Tripolar guide magnetic fields due to island coalescence in solar wind current sheets: Simulation and theory

Newman, David L.; Eriksson, Stefan; Lapenta, Giovanni

United States, Belgium

Abstract

Reconnecting current sheets (CSs) in the solar wind near 1 AU have been previously identified that exhibit a modified Hall magnetic field perturbation of the nominal guide field characterized by a "tripolar" structure with depressions on both sides of a central maximum [Eriksson et al., Astrophys. J. 805, 43 (2015)]. Such CSs were inferred to contain multiple interacting islands based on measurements from all four Cluster satellites. A new set of 2D particle-in-cell simulations have been performed providing the foundation for a theoretical model for the origin of the tripolar guide-field perturbation. The simulations are initialized with a thin CS unstable to the formation of many small islands that undergo pairwise coalescence and growth. The guide field depressions develop as the result of a balance between the electrostatic (curl-free or irrotational) and electromagnetic (divergence-free or solenoidal) components of the parallel electric field.

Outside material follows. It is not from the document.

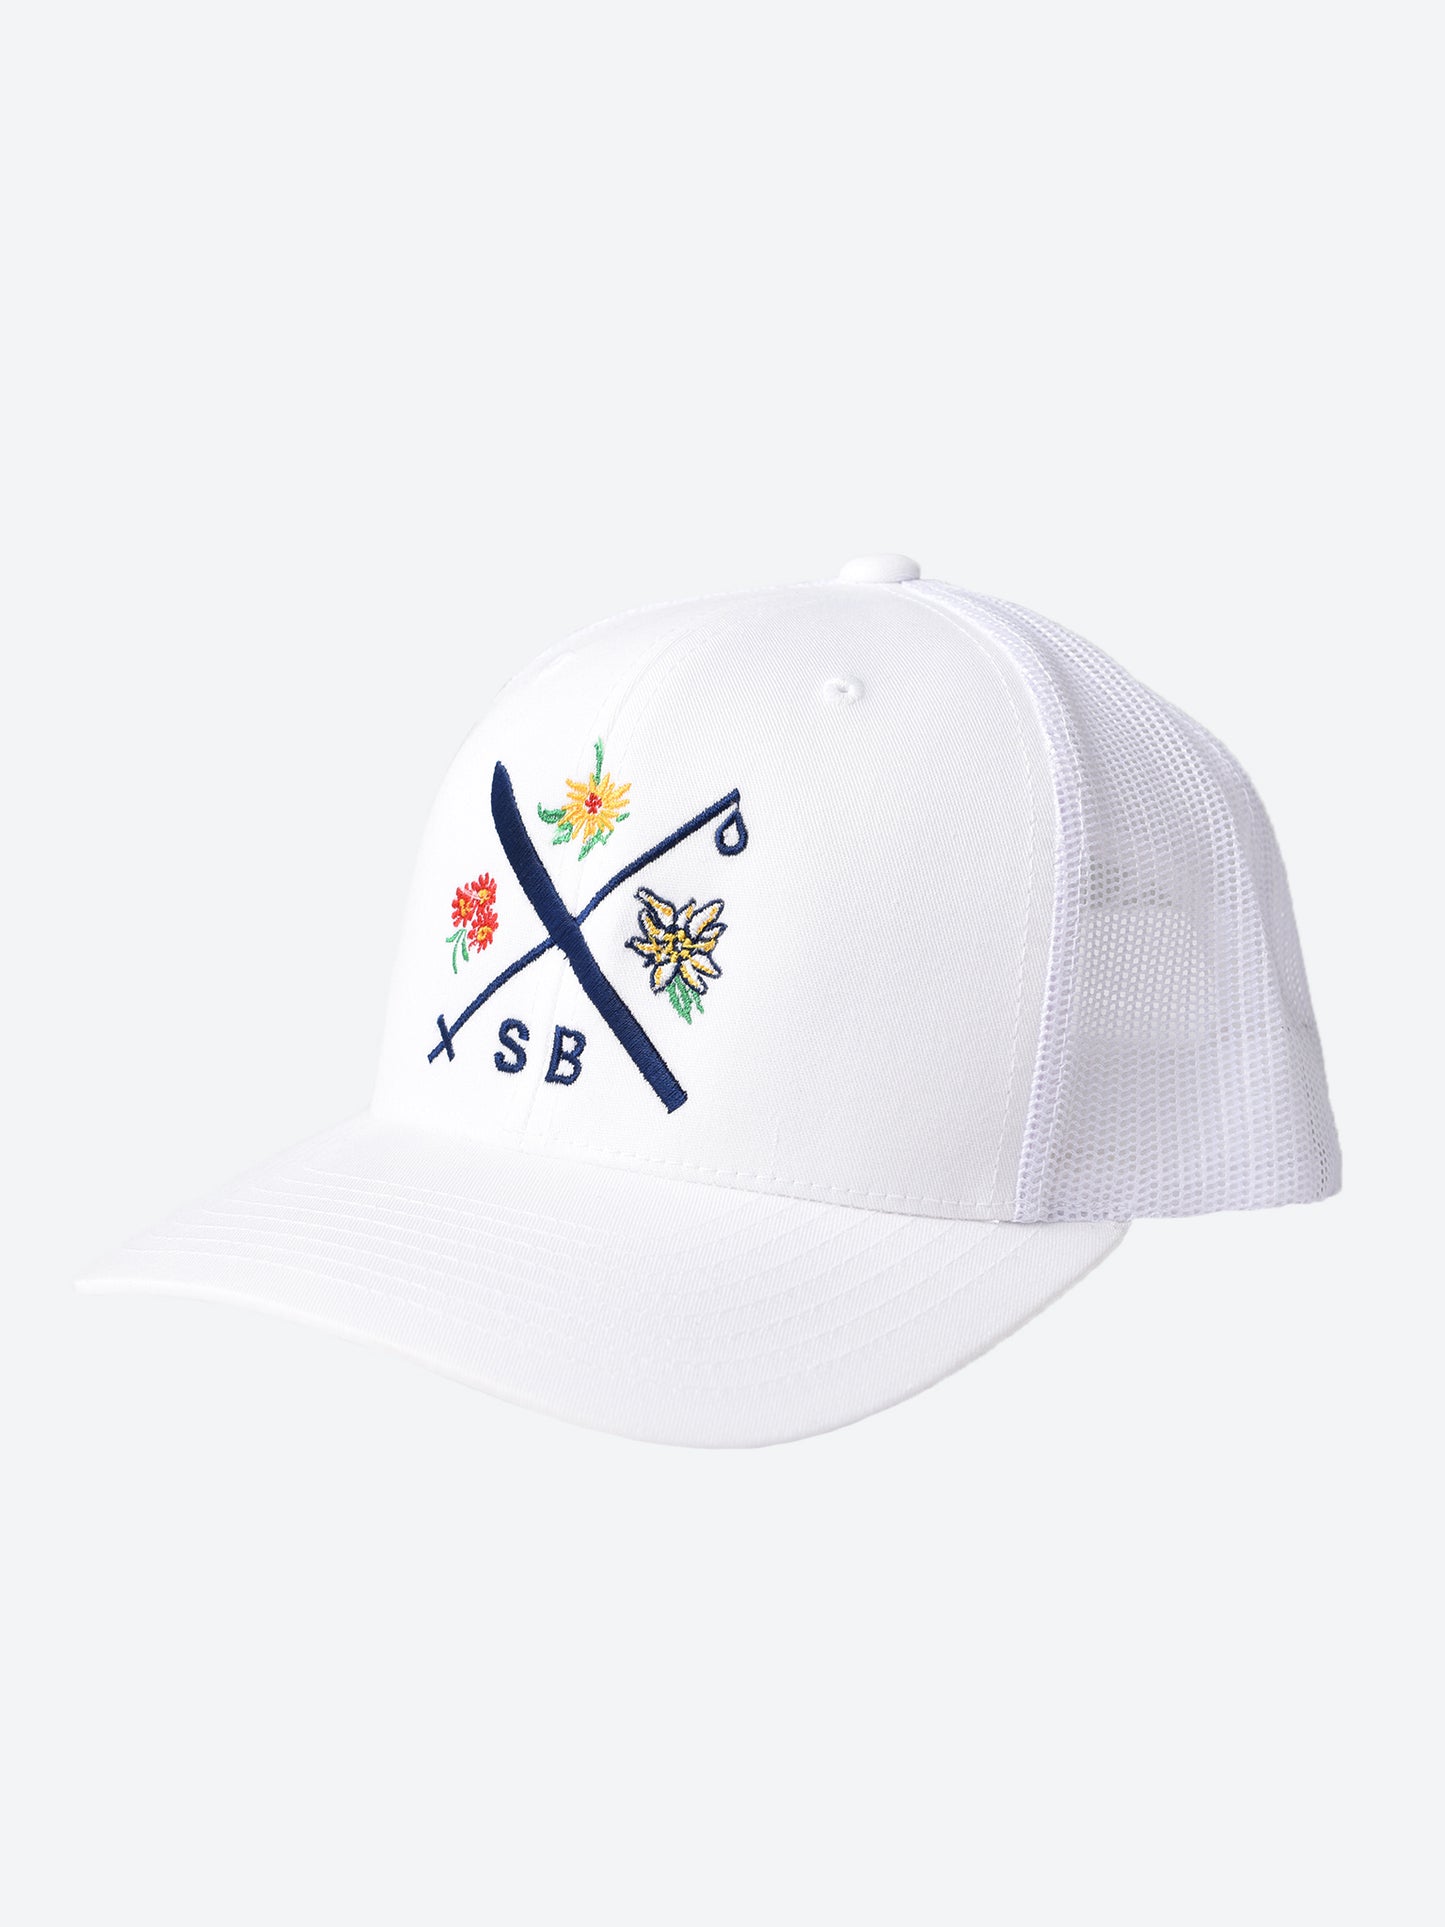 Saint Bernard Men's Ski Cross Flower Hat

Field-line and flow-line tracing provide additional support for the model by demonstrating how a level of charge separation sufficient to support a large electrostatic potential can be maintained following island coalescence. A parameter study reveals that the plasma beta is the primary quantity controlling the evolution of the tripolar field. Dependence on the initial guide-field strength is also investigated.